Bowel protection is important during surgery in porphyria patients because laparotomy itself may carry risks of bowel perforation.6,7,9 The visceral organs can be damaged by phototoxic reactions of astral lamps and the operating room lights, resulting in third-degree burns and delayed bowel perforation. We therefore used low-powered LED lights and a wavelength-adjusted filter film. Since blue, violet and ultraviolet-A (400-410 nm wavelength) light excite protoporphyrin, they must be blocked effectively in the operating room.7 LED light releases less ultraviolet radiation than the lights usually used in the operating room. The LED lights were covered by a wavelength-adjusted yellow film that could block blue, violet and ultraviolet light. Although the power of the light source was decreased and operating field was much darker than during usual laparotomy, the LT operation was not compromised because it was a routine surgical procedure. Even after LT, we lowered the intensity of ambient light during intensive care due to possible photosensitivity. After full physical recovery, no light barrier was applied except for direct exposure to sunlight. The intraoperative light protection is very similar to the patients undergone photodynamic therapy, but the period for posttransplant protection was relatively shorter in EPP patients than in patients receiving photodynamic therapy.

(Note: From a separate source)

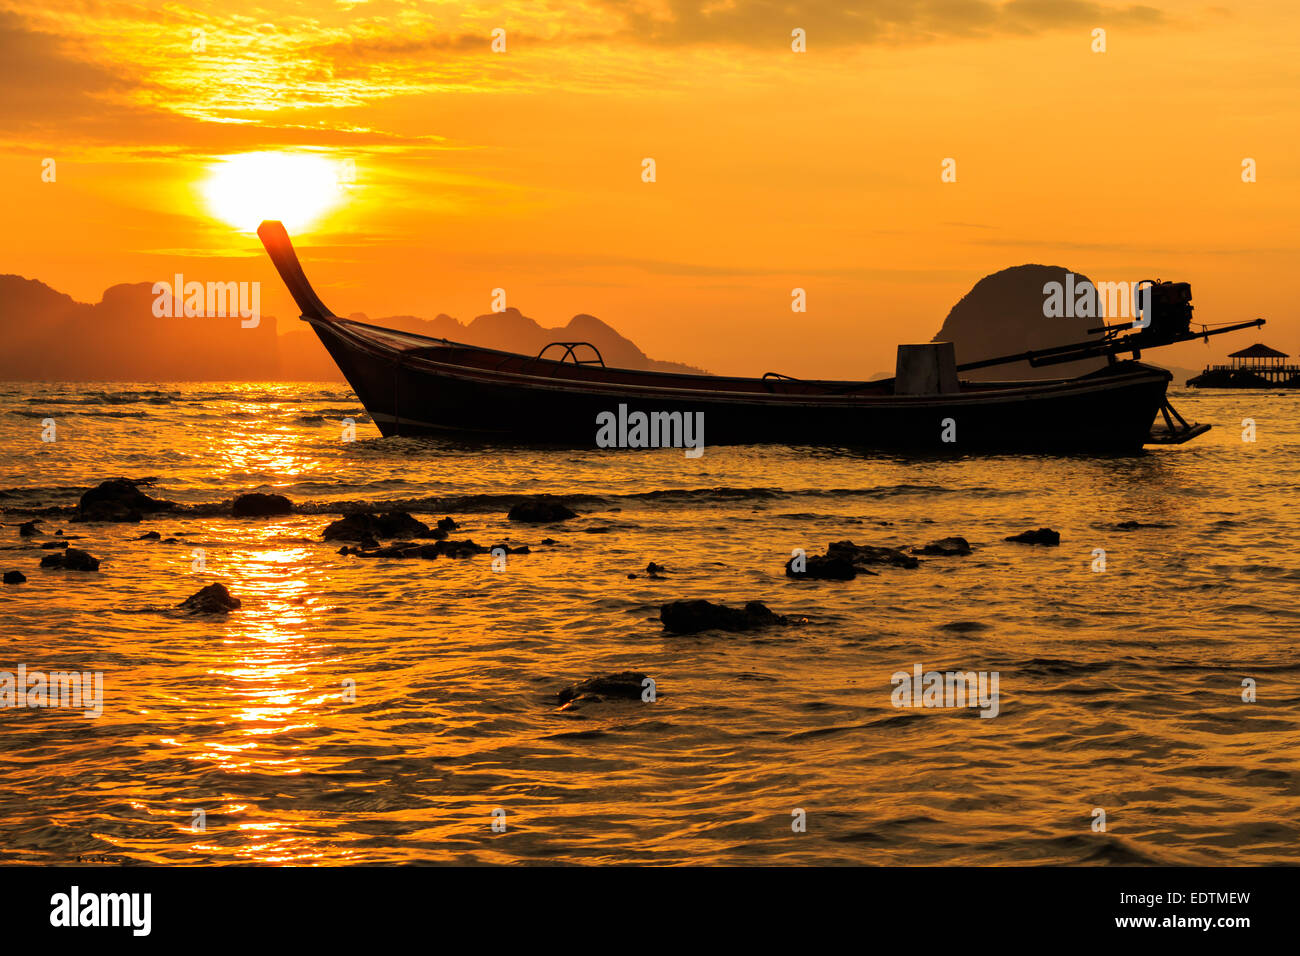 Sunrise at tip of boat at Trang , Thailand Stock Photo
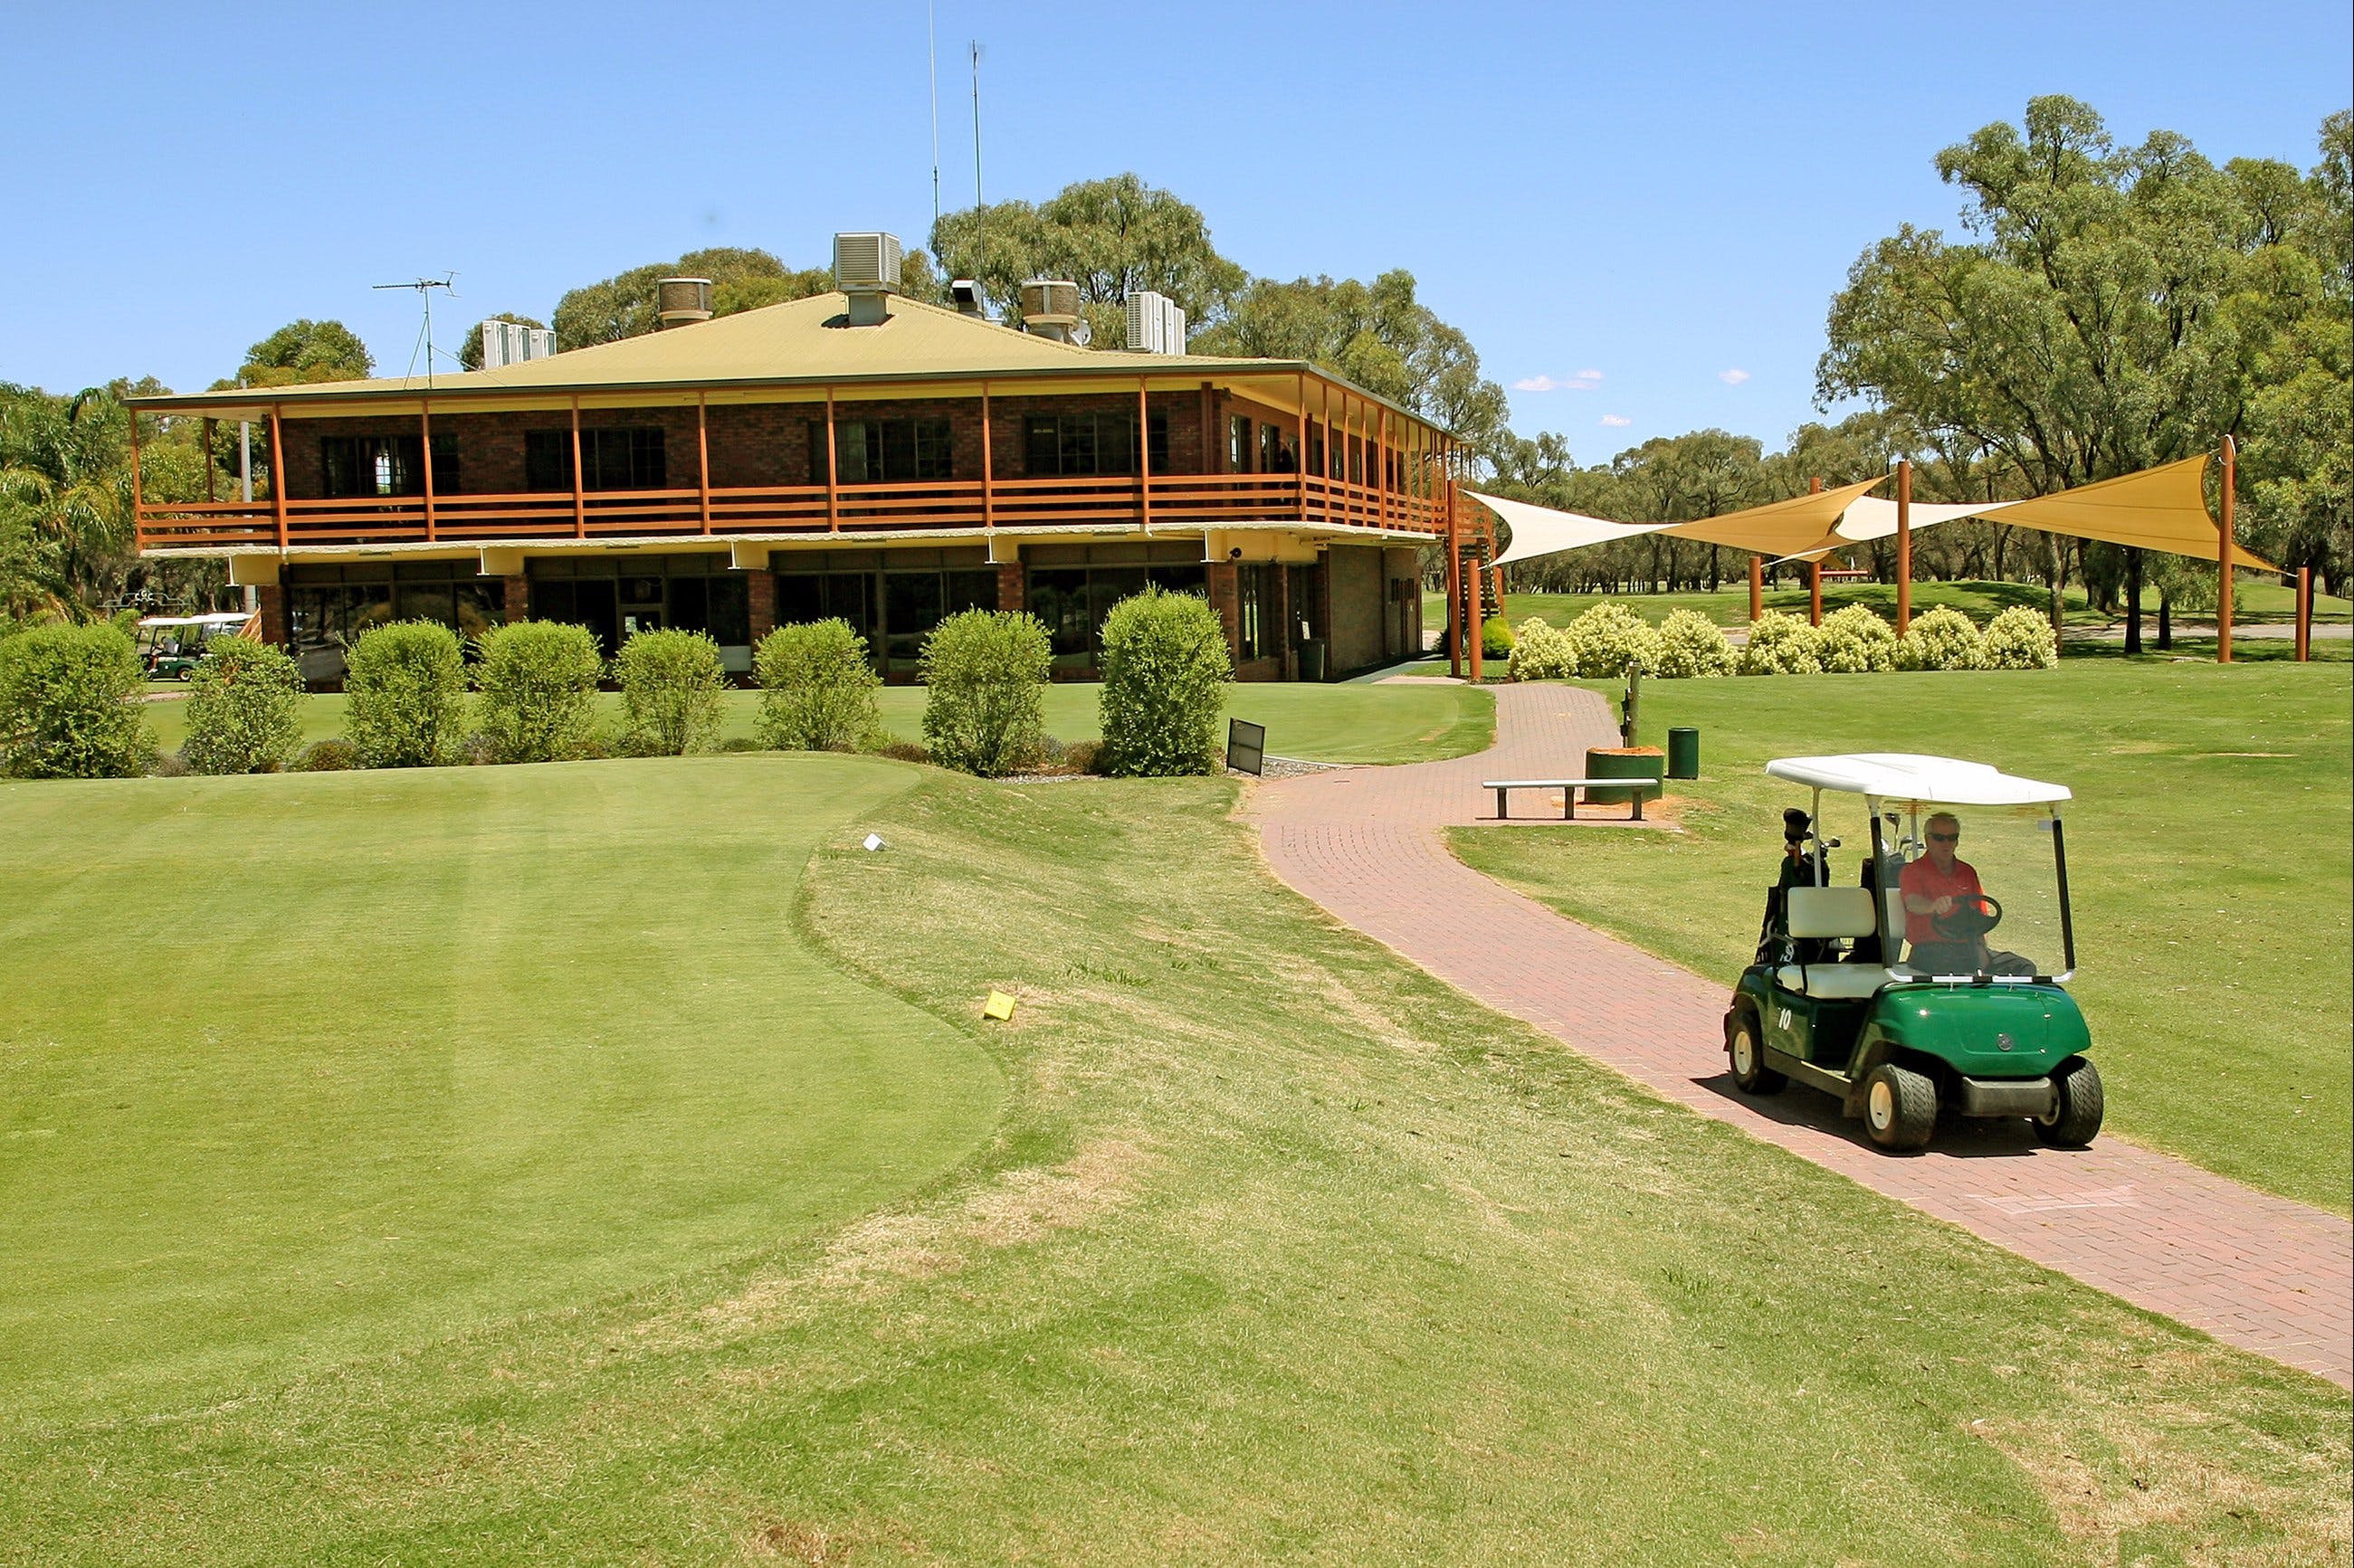 Coomealla Golf Club - WA Accommodation

The immunosuppressive regimen for this patient consisted of the triple combination of cyclosporine, mycophenolate and methylprednisolone. Cyclosporine is a safe immunosuppressant for patients with porphyria, according to the drug database for acute porphyria.7 In addition, cyclosporine has been reported to inhibit the mitochondrial permeability transition of hepatocytes that is induced by protoporphyrin IX, whereas tacrolimus does not.15 Reduced hepatotoxicity may enhance biliary excretion and account for the marked decrease in plasma protoporphyrin concentrations. Cyclosporine has been suggested as the calcineurin inhibitor of choice and may be beneficial in the treatment of nontransplant protoporphyrin hepatopathy.15
Several reports have assessed survival after EPP-related LT. For example, the overall 1-, 5-, and 10-year patient and graft survival rates in 20 EPP patients who underwent LT in the United States between 1979 and 2004 were 85%, 69%, and 47%, respectively.9 In pediatric patients, the 1-, 5-, and 10-year patient and graft survival rates were 100%, 75%, and 50%, respectively.9 Recurrent EPP liver disease occurred in 11 (65%) of 17 patients who survived more than 2 months after LT. Recurrent EPP liver disease occurred as early as 8 months after LT, and three patients required retransplantation, at 1.8, 12.6, and 14.5 years, respectively. Three additional patients who died with recurrent EPP liver disease had extensive protoporphyrin deposits and bridging fibrosis or cirrhosis on liver biopsy. Recently, European multi-center study, including UK data, showed the overall patient survival rates of 77% at 1 year and 66% at 5 and 10 years in 31 patients.17,18
Although the effective treatment of liver failure caused by EPP is LT,14 it does not ameliorate the underlying protoporphyrin overproduction in the native bone marrow, thus leaving the recipient at risk for recurrent disease.9 Bone marrow produces 80% of protoporphyrin IX and an optimal therapy for EPP would correct the defect in heme synthesis.5,9-12 Sequential liver and bone marrow transplantation may be used to treat patients with EPP.10,12 Bone marrow transplantation can alter the genotype of bone marrow, resulting in phenotypic reversal, thus protecting patients from future protoporphyric liver disease.12,19 Bone marrow transplantation may be indicated for EPP patients without advanced liver fibrosis after reversal of liver failure, for older patients with recurrent graft disease after LT, for younger patients after LT, and for patients with progressive liver disease. The patient described here may undergo future bone marrow transplantation because he is young and considered at high risk for EPP-related liver disease.12 We have performed bone marrow transplantation in a LT recipient to treat hematologic malignancy. Owing to his familial history, an extensive search for an appropriate donor would be necessary. Future prevention and treatment of liver disease in this patient may include erythrocyte transfusion, plasmapheresis, ursodeoxycholic acid, cholestyramine, charcoal and tocopherol, as well as bone marrow transplantation.3,5,9-12,20
Authors would like to express gratitude to Hyang-Woo Lee, Eun-Hee Shim, Kyoung-A Park and Eun-Bok Lee for their contribution to patient safety.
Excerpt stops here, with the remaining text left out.